Characterization of collected sample

Scanning electron microscope study was done for topographical characterization of both native cells and cyanobacterial cells after treatment with simulated solutions of phenol using scanning electron microscope (JEOL JSM-6700 FE, TOKYO). The cyanobacterial sample was grown in 50 mL of BG 11 medium containing 100 mg/L phenol for 10 days. The biomass was harvested by centrifugation at 5000 rpm for 10 min. It was then washed with distilled water for two times to get rid of any chemicals and dried overnight at 60 °C. The phenol treated cyanobacterial sample was thus prepared and used for SEM study.

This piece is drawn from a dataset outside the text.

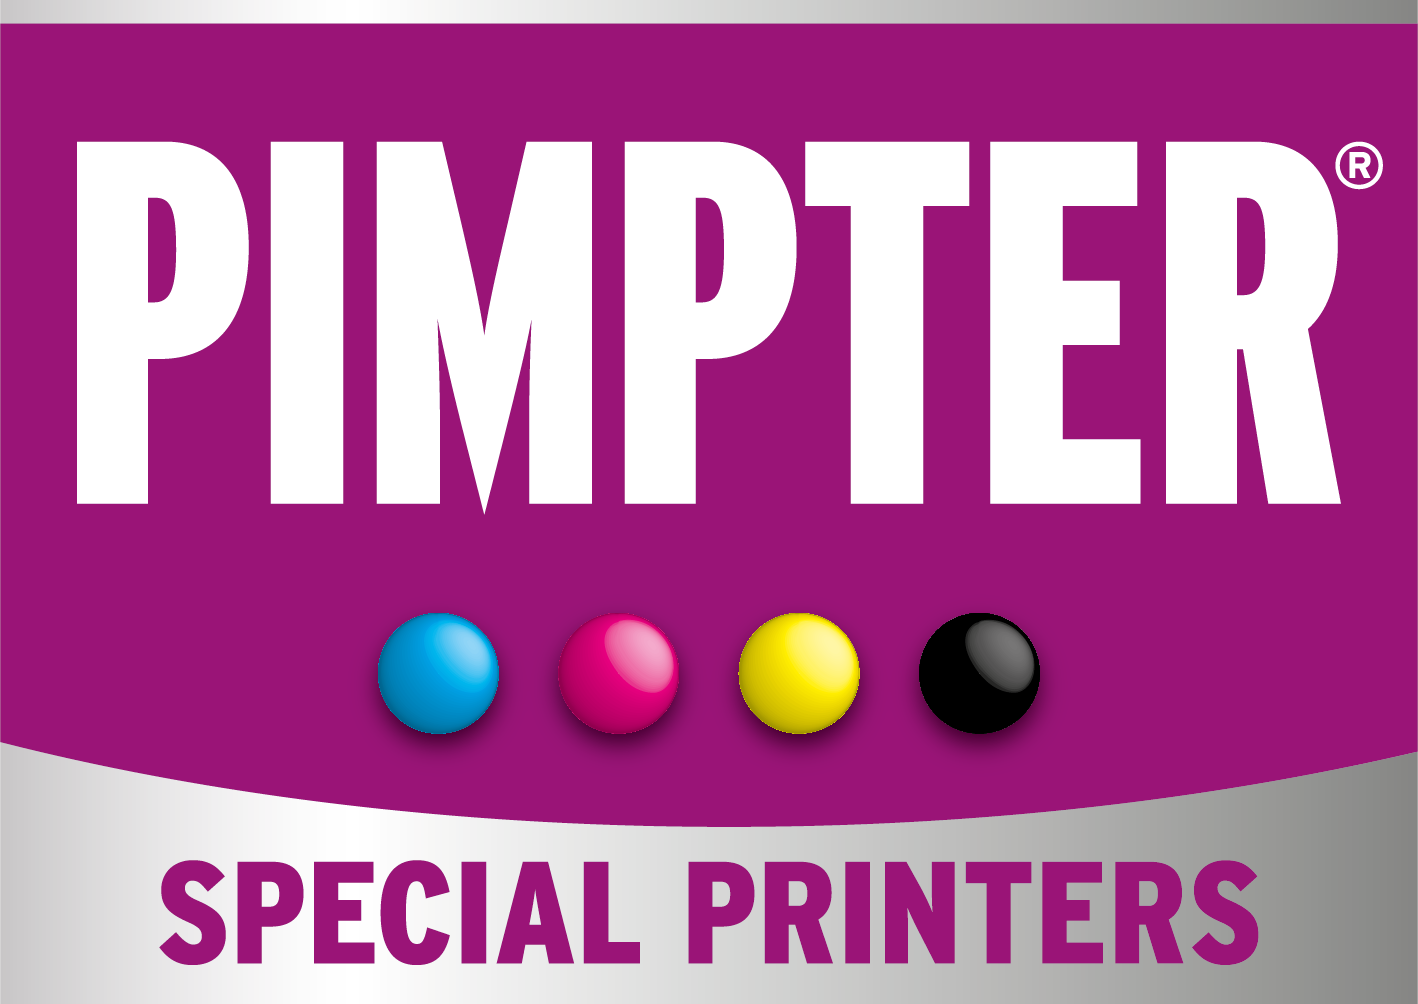 Pimpter Special Printers

Growth of collected strain in simulated solution of phenol

The stock solution of phenol (100 mg/L) was prepared by dissolving the requisite amount of phenol (MERCK) in BG 11 medium following the standard protocol (Clesceri et al. 1996). The solution of a required concentration of phenol was prepared by diluting the stock solution with the BG-11 medium. Then, the cyanobacterial strain was grown in simulated phenol solution having an initial concentration of 100 mg/L. Two experimental conditions were maintained. In the first case, pH was not adjusted. The test strain was grown in simulated phenol solution at its own pH. In the second one, pH was adjusted at 7. The flasks were incubated in algal Incubator [LAB-X, India] under illumination at 2400 lx with light and dark cycle of 16 and 8 h, respectively. Samples were collected at specific time intervals and harvested by centrifugation (ELTEK centrifuge TC 8100 F) at 5000 rpm for 10 min. The cyanobacterial biomass was collected and dried overnight at 60 °C. Finally, the weight of dry biomass was measured.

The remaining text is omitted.